# Spitfire Audio IO Controller



## GHP (Dec 16, 2022)

Is that a Spitfire MIDI controller we see here ?


----------



## Mornats (Dec 16, 2022)

Interesting! Looks like it's got 2 faders but I'd expect 4 maybe. Expression, dynamics, vibrato and variation all spring to mind as common Spitfire Audio library controls. Then again it looks like their Spitfire player interface with the two sliders and massive (presumably reverb...) button so is it looks over functionality?


----------



## dunamisstudio (Dec 16, 2022)

GHP said:


> Is that a Spitfire MIDI controller we see here ?





Mornats said:


> Interesting! Looks like it's got 2 faders but I'd expect 4 maybe. Expression, dynamics, vibrato and variation all spring to mind as common Spitfire Audio library controls. Then again it looks like their Spitfire player interface with the two sliders and massive (presumably reverb...) button so is it looks over functionality?


That's a knob, not a button and I wouldn't read too much into this. The desk is setup like a "film set" since they filmed the new videos. With a market with dozens of controllers, don't think it would be worth their time to do a two slider, one knob controller.


----------



## Mornats (Dec 16, 2022)

dunamisstudio said:


> That's a knob, not a button and I wouldn't read too much into this. The desk is setup like a "film set" since they filmed the new videos. With a market with dozens of controllers, don't think it would be worth their time to do a two slider, one knob controller.


Ha, no idea why I wrote button when I meant knob 

I actually think it would be understandable for Spitfire to create a controller with 2 sliders and a single knob as they seem heavily invested in that design pattern. Christian Henson even has it as a tattoo from what I've seen in his videos. So even though I don't think it would compete well and possibly misses the needs of composers, I still think they'd do it.


----------



## easyrider (Dec 16, 2022)

What’s the big gui?


----------



## Daren Audio (Dec 16, 2022)

Mornats said:


> Interesting! Looks like it's got 2 faders but I'd expect 4 maybe. Expression, dynamics, vibrato and variation all spring to mind as common Spitfire Audio library controls. Then again it looks like their Spitfire player interface with the two sliders and massive (presumably reverb...) button so is it looks over functionality?
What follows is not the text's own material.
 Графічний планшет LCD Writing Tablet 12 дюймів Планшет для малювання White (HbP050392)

Yup. Looks like its designed from the GUI *IIO




*


----------



## RogiervG (Dec 16, 2022)

easyrider said:


> What’s the big gui?


Which one?
In kontakt? that's the play guide feature they added to the latest total performance patches for SSW and SSB


----------



## RogiervG (Dec 16, 2022)

if that spitfire box next to the keyboard is a CC controller, it's an unusual one, considering the height of the box itself: it's not very good for your wrist to have your finger that high up to move a fader, when your lower arm is either 90 degrees (horizontal), relative from your upper arm, positioned , resting on the desk (correct seating), or slighty curved downwards if your sitting too high (incorrect seating).
if your arm hovers, during these movements of the faders, your less precise and also stressing your muscles too much for unusual (not up and down, but curled to streched pointing away from you) movement of the fingers/wrist.
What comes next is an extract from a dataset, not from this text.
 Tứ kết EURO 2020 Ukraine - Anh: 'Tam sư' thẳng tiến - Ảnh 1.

in general, the lower the housing of a faderbox in height, the better.


----------



## Daren Audio (Dec 16, 2022)

RogiervG said:


> if that spitfire box next to the keyboard is a CC controller, it's an unusual one, considering the height of the box itself: it's not very good for your wrist to have your finger that high up to move a fader, when your lower arm is either 90 degrees (horizontal), relative from your upper arm, positioned , resting on the desk (correct seating), or slighty curved downwards if your sitting too high (incorrect seating).
> if your arm hovers, during these movements of the faders, your less precise and also stressing your muscles too much for unusual (not up and down, but curled to streched pointing away from you) movement of the fingers/wrist.
> 
> in general, the lower the housing of a faderbox in height, the better.


I would agree about the ergonomics. Maybe a protoype?


----------



## easyrider (Dec 16, 2022)

RogiervG said:


> Which one?
> In kontakt? that's the play guide feature they added to the latest total performance patches for SSW and SSB



Thanks for that I found the video where PT explains it. Cheers 👍


----------



## ummon (Dec 16, 2022)

Is this Andy’s phone? Or is it Andy himself - a digital brain composing music for Spitfire?


----------